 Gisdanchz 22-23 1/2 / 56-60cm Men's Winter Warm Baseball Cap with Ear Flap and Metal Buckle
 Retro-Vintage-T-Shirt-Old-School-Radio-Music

...

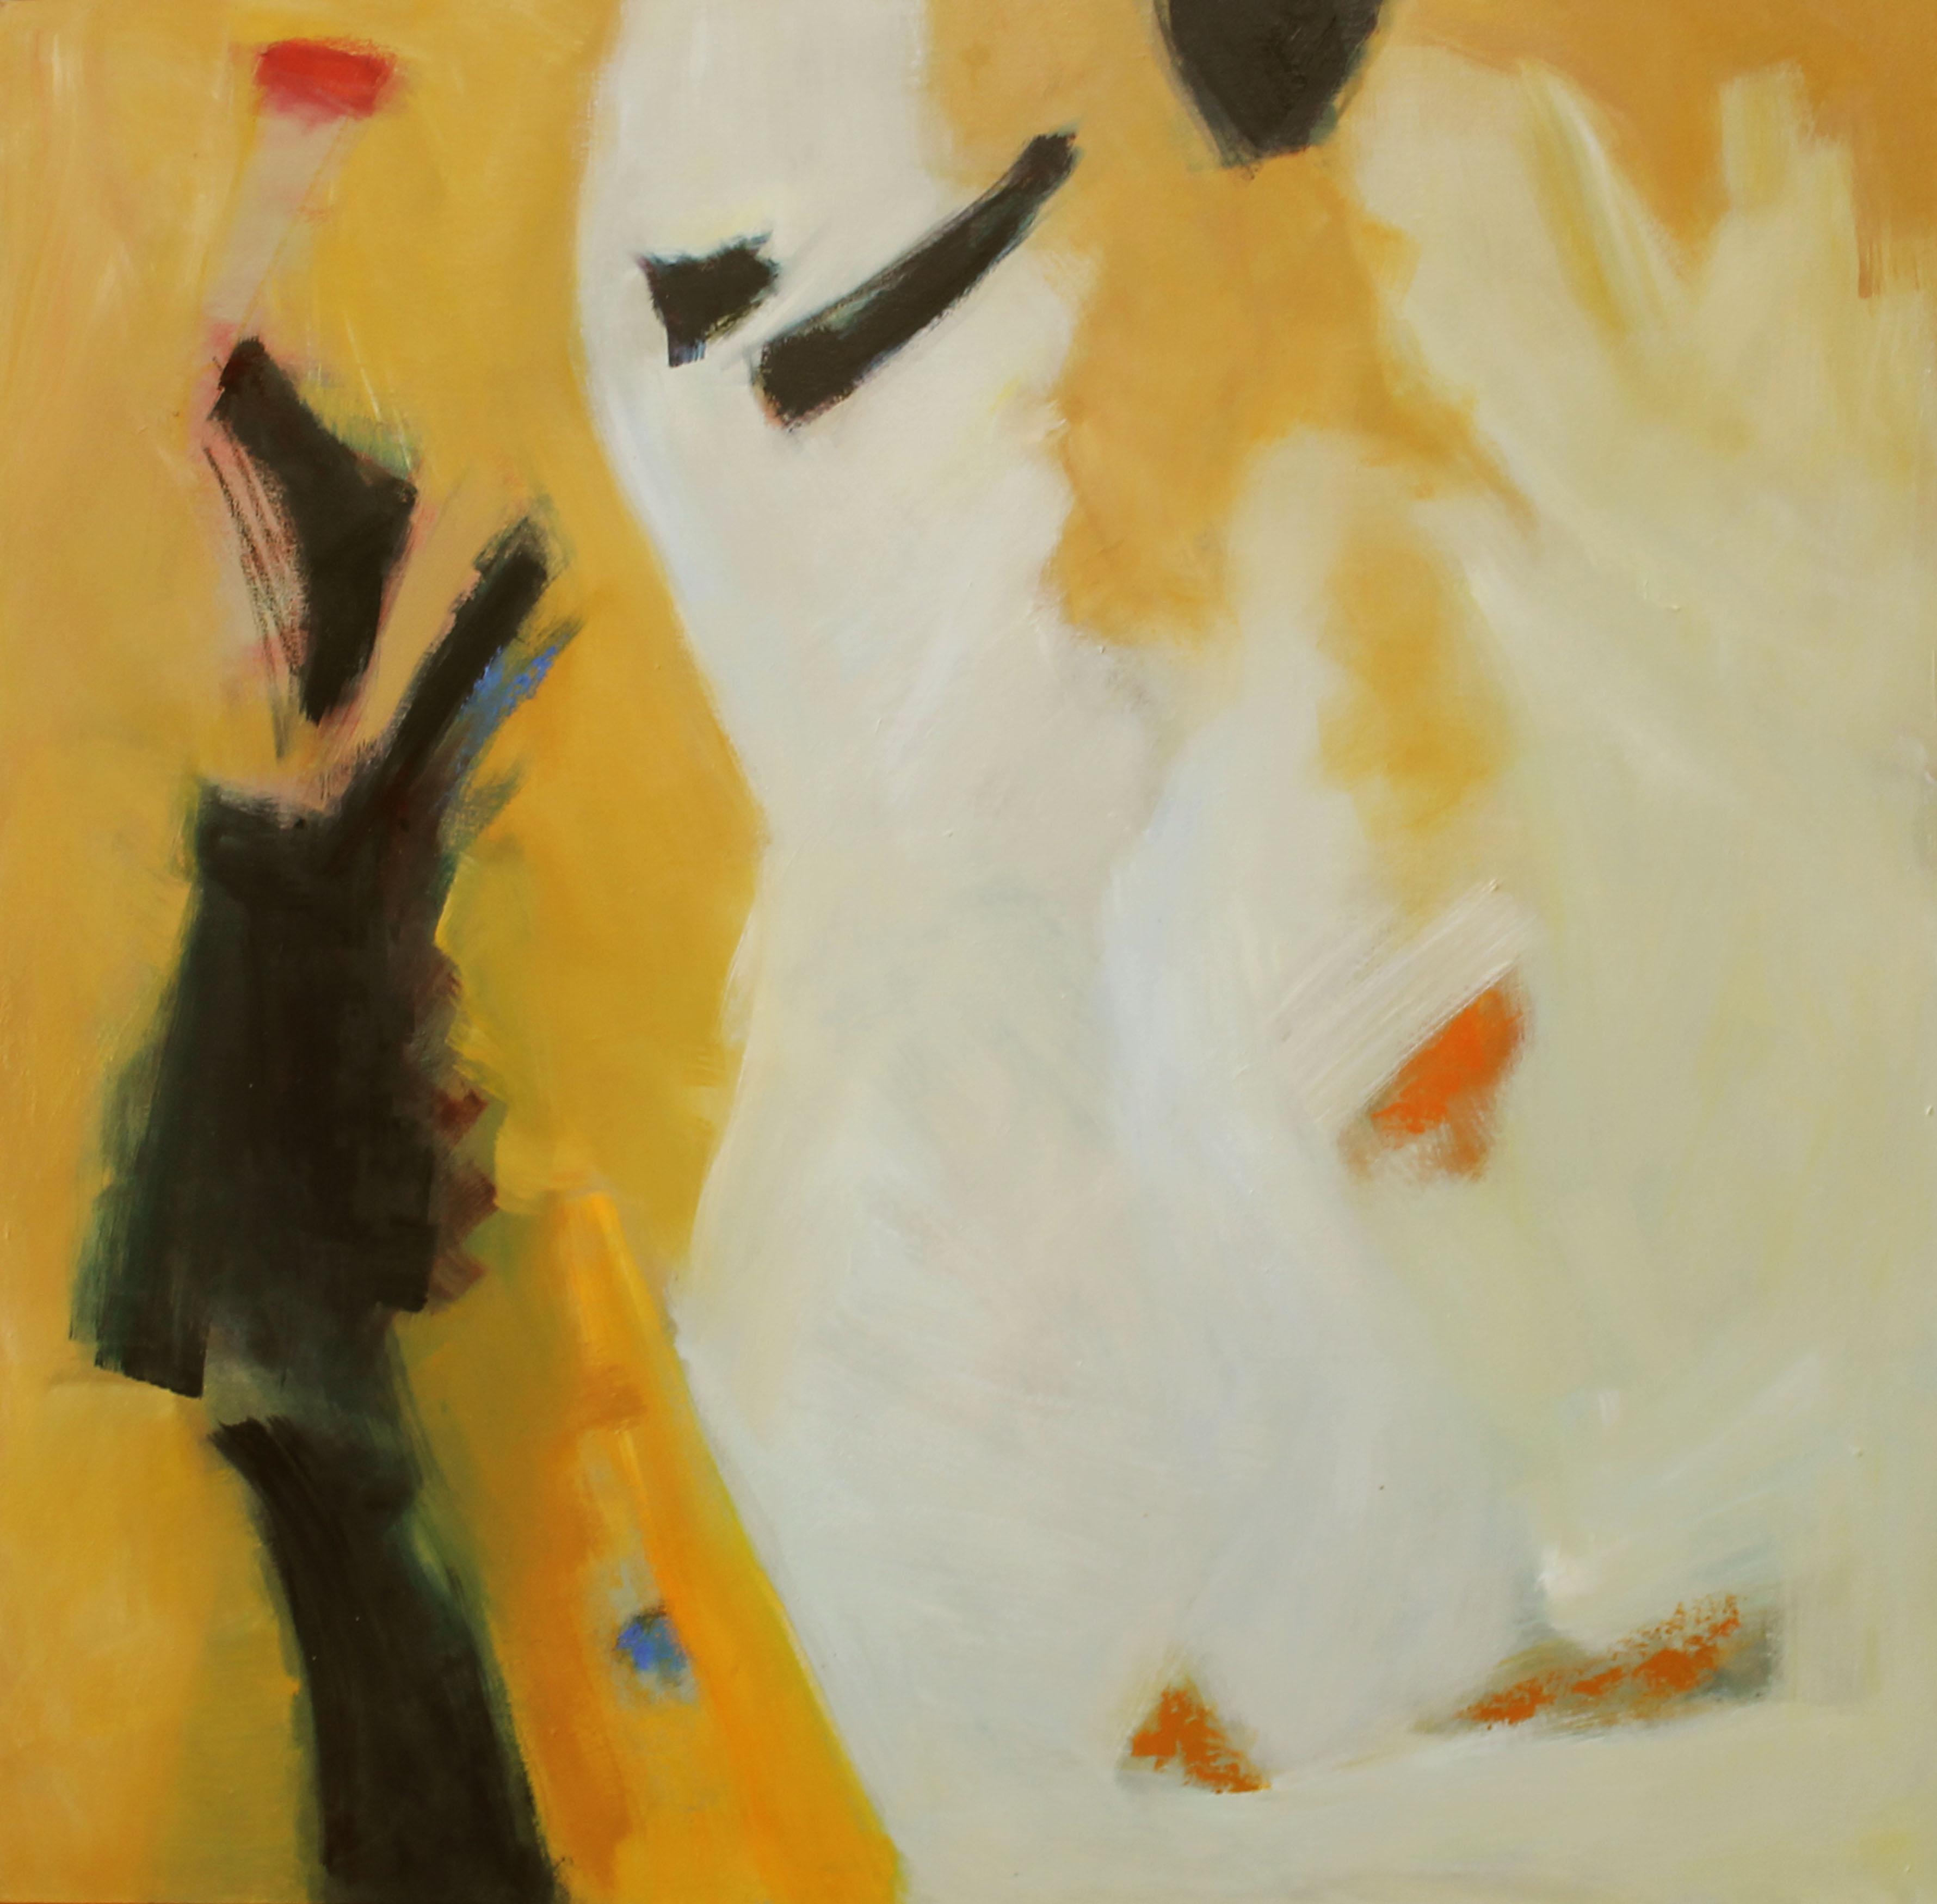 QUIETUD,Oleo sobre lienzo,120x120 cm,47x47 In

_Work to be completed_. From the material above, set down exactly the lines between the line holding "Gisdanchz 22-23 1/2" and the line holding "Retro-Vintage-T-Shirt-Old-School-Radio-Music", inclusive. Include nothing else.

_Task result_.
 Gisdanchz 22-23 1/2 / 56-60cm Men's Winter Warm Baseball Cap with Ear Flap and Metal Buckle
 Retro-Vintage-T-Shirt-Old-School-Radio-Music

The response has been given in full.